Storytelling (still) matters

There are over 30,000 results for book titles with the word “storytelling” at a well-known online bookseller in the Pacific Northwest. You can learn about storytelling with data, with photography, for branding, for social justice, and how storytelling makes us human (at least two titles in the first page of results). There is storytelling for designers, for lawyers, for CEOs, and for grant writers. Even investors are reminding start-up founders of the importance of storytelling.

My practice is based on my unshakeable faith in the power to influence through a person’s ability to capture the imagination via a compelling and inspiring story. Even my executive and leadership coaching practice is designed to help leaders discover their own narrative.

Narrative affects an audience’s perception of the person who is delivering the message.

Melanie Green, Professor of Communication, University at Buffalo College of Arts and Sciences

Virtually everyone agrees that storytelling is critical in leadership, particularly in the sciences. Why? According to researchers, narratives build trust, a critical tenet of leadership and the ability to influence others to cooperate.

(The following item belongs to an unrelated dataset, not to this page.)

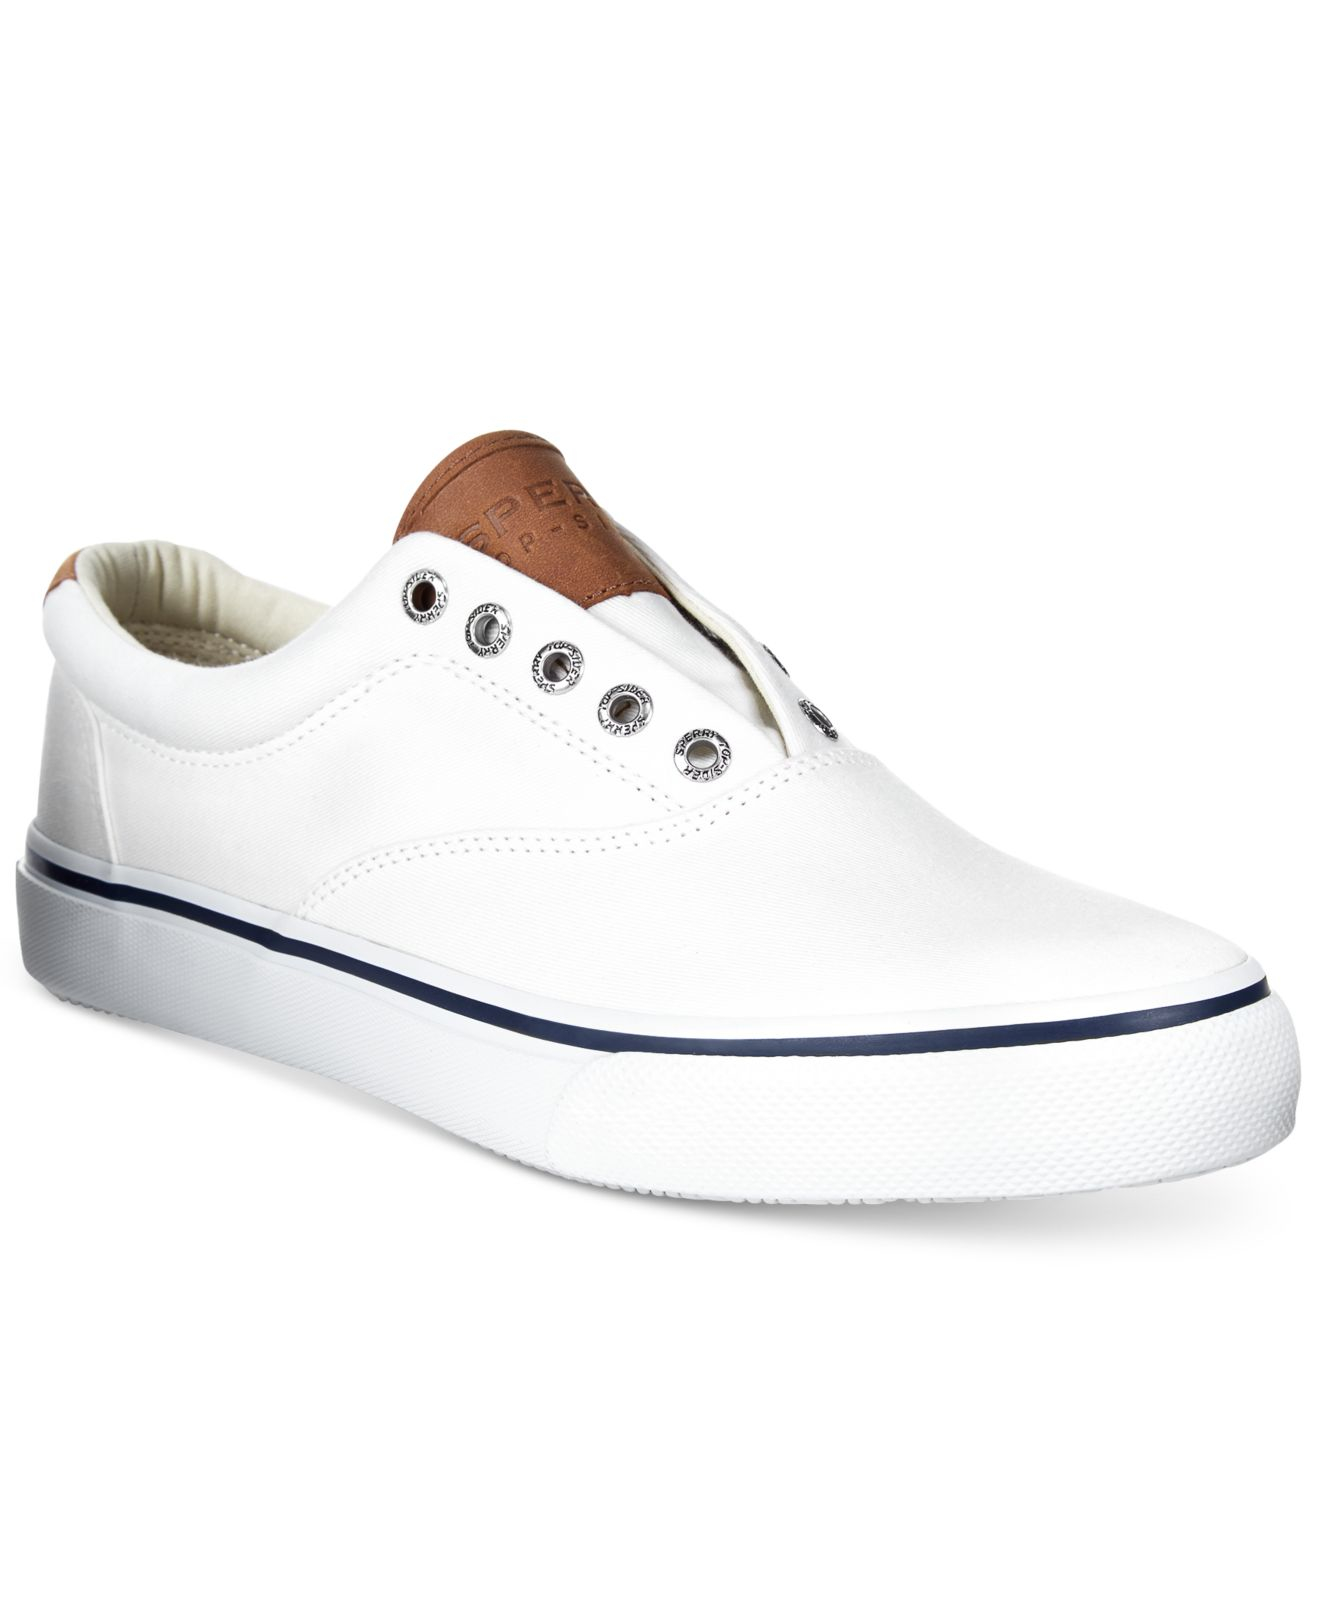 Sperry Top-Sider Cotton Men's Laceless Cvo Sneakers in White for Men - Lyst

So why are we not seeing more of it?

Because real storytelling can be personal. It may require you to give of yourself. It cracks open your sense of self for public examination and, possibly, critique. So we retreat back to safety, behind the data and the facts. In that case, any critique is about the evidence, not about us.

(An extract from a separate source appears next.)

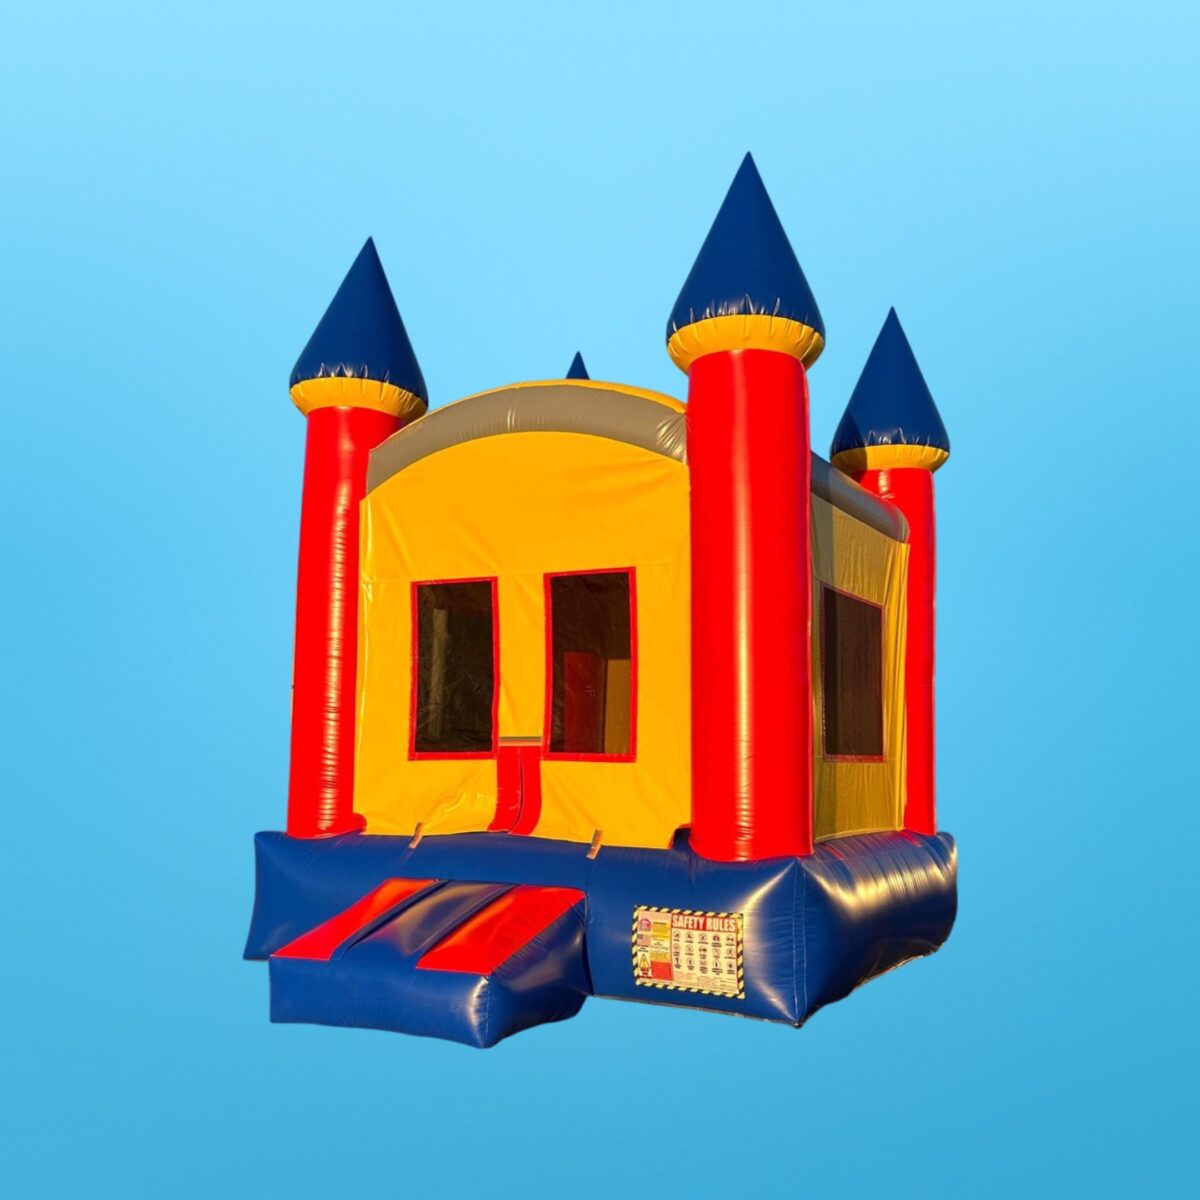 11x11 Bounce House Rentals

Let me clear: facts matter. Data are the backbone to any reasonable attempt to persuade. But few people are moved by an avalanche of statistics and numbers. It’s the story that anchors the data to a person’s understanding of the overriding message.

It’s precisely the ability to put yourself out there, to risk telling a story, that distinguishes the leader from the expert. In fact, it’s rarely the real expert that gains any traction. Instead, it’s the storyteller who can take the expertise, digest and package it into a compelling narrative, that wins the case.

Is it fair? Maybe not.

If your objective is to influence people — your employees, investors, the media, the public — then you need consider not only what is the information, but how you weave it into a story. Your story.

Human beings yearn for connection. Stories are the connective tissue that weave us together. A story helps us feel like we are a part of something. And that’s just the thing — expert are often not part of the group. They are special, separate, with unique knowledge or authority. Telling a story forces us to climb down, to shorten the stage, and to be at eye level (and perhaps striking distance).

The next time you’re preparing to communicate something such as a pitch or an announcement, ask yourself if you’re hiding behind data. What’s the story that the data want to tell? What holds you back from weaving your story into your work?